If you thought that the Affordable Care Act, aka Obamacare, completely solved the health insurance problem for the United States, then you will probably be happy with some of the types of reforms that are being crafted to address the retirement crisis.
But if you find disturbing the Congressional Budget Office's estimate that in 2019, when the ACA is fully implemented, 22 million Americans will still be without health insurance and that there will be a deep inequality of plans for those who have it, you might be wary of what likely retirement reform will look like if it follows a parallel course.
Retirement, like health care, is an exceptionally profitable industry in the United States.
The sine qua non of corporate-supported retirement reform, like that of health care reform, is that it must not reduce the profits of the existing system. To get real backing from those who pay the lobbyists, it must increase those profits. The ACA thus gave health insurers more business through the subsidized exchanges.
But policy wonks know that profitability has its limits. Some people are too poor to be profited off. Hence, to cover more of the uncovered, the ACA had to expand Medicaid from the poor to the near poor. The government would cover the unprofitable, being careful to leave the profitable business to private insurers with the exchanges.
The financial services industry has profited handsomely from the conversion of traditional pensions to 401(k) private accounts since 1981. But it, like the health insurers, knows that the profitable system is running into public opposition as it has become clear that many are uncovered by workplace plans, and that those with 401(k)s are not getting the retirement incomes they assumed would be forthcoming.

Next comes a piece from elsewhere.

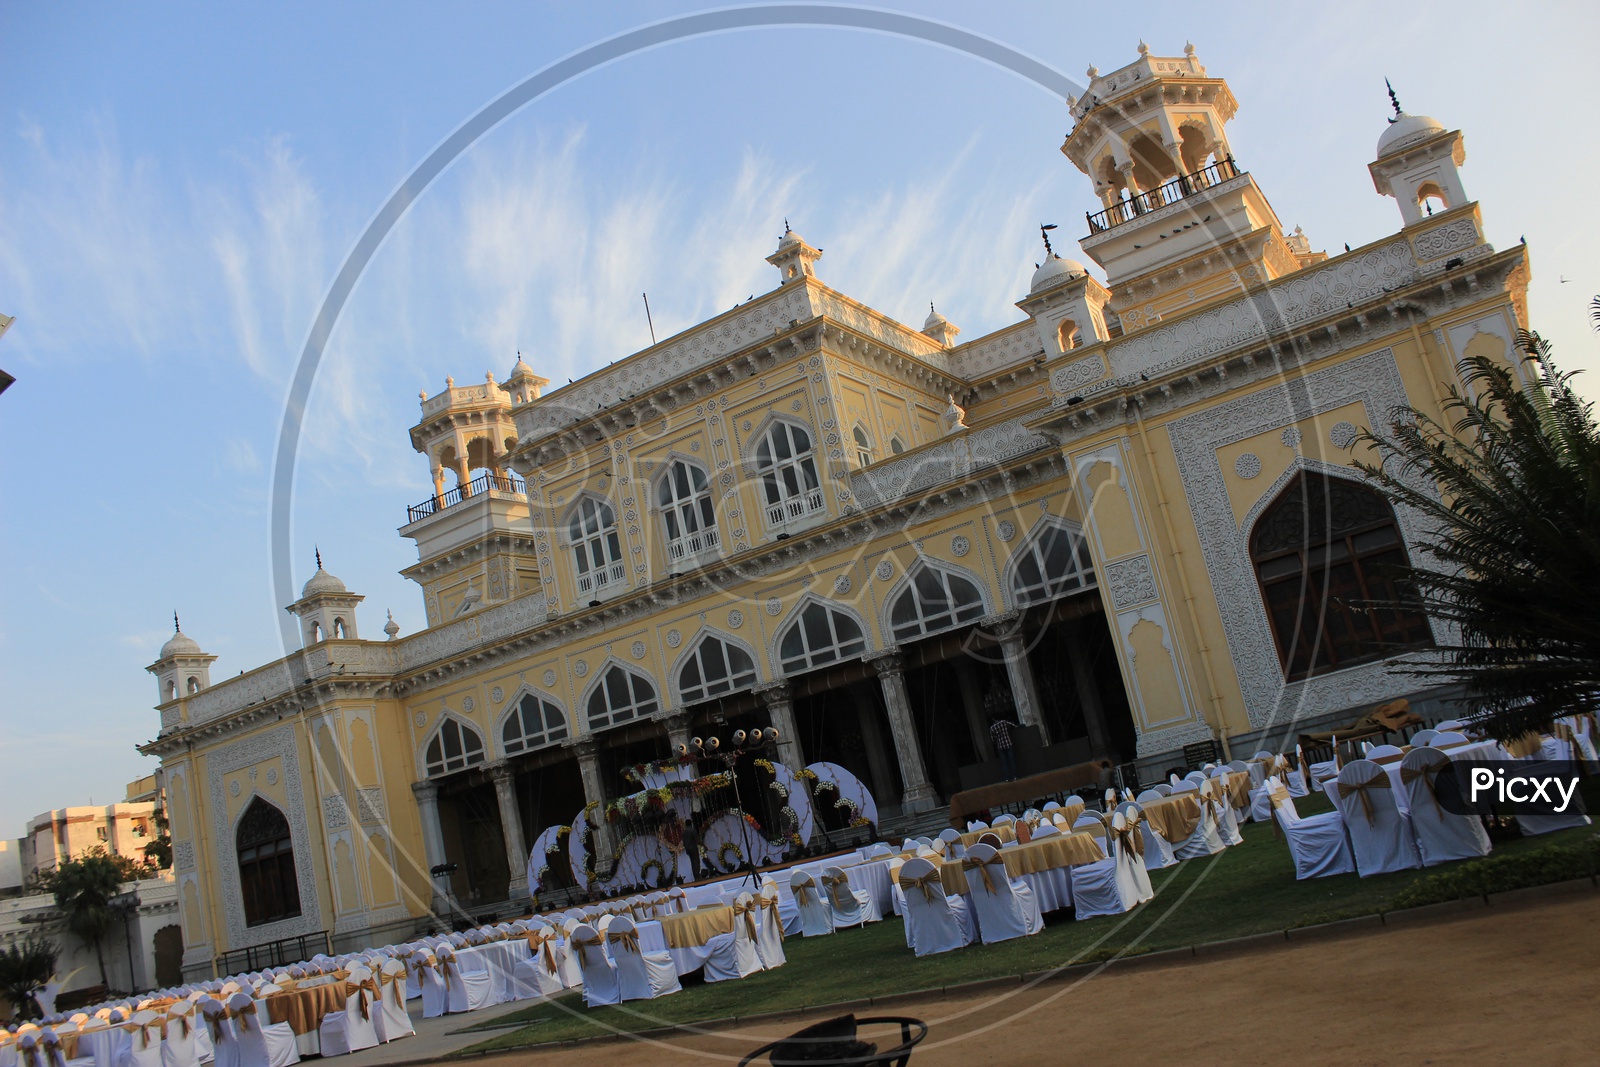 Chowmahalla Palace Architectural View With Blue Sky Background

Retirement reform is thus creeping on to the Washington agenda and the financial services industry wants to make sure that such reforms, if they occur, do not harm its bottom line.
If the type of health care reform we had received would have been solely dictated by what was most effective, we would have, as the wonks knew, received a single-payer system rather than the ACA.
If we want the most effective retirement reform -- one that covers the entire working population and ensures for retirees preservation of their preretirement standards of living -- we would have an expanded Social Security. It is the approach that wins hands down over 401(k)s in maximizing coverage and return on contributions.
According to former Treasury Secretary Lawrence Summers, no wild-eyed progressive reformer even by Washington standards, "Social Security is effective, in large part because it is efficient. More than 99 cents are paid in benefits by Social Security for every dollar that is paid in by workers and employers. Few, if any, private systems -- anywhere in the world -- come close to matching this efficiency."
But the legislative strategists know that the financial services industry will not stand for such a reform if it diverts retirement savings from Wall Street to government control. Hence many, even liberal, legislators are quick to publicly justify reforms as being based on "privately managed" plans. It's an assurance bordering on a request for permission addressed more to the financial services industry than the public.
So, if you thought the ACA did the job, you will probably think that these "privately managed" retirement plans will do so also.
If you didn't, you should support those legislators who are courageous enough to craft and support retirement reform bills that put the priority on retirement security rather than drumming up new business for the financial services industry.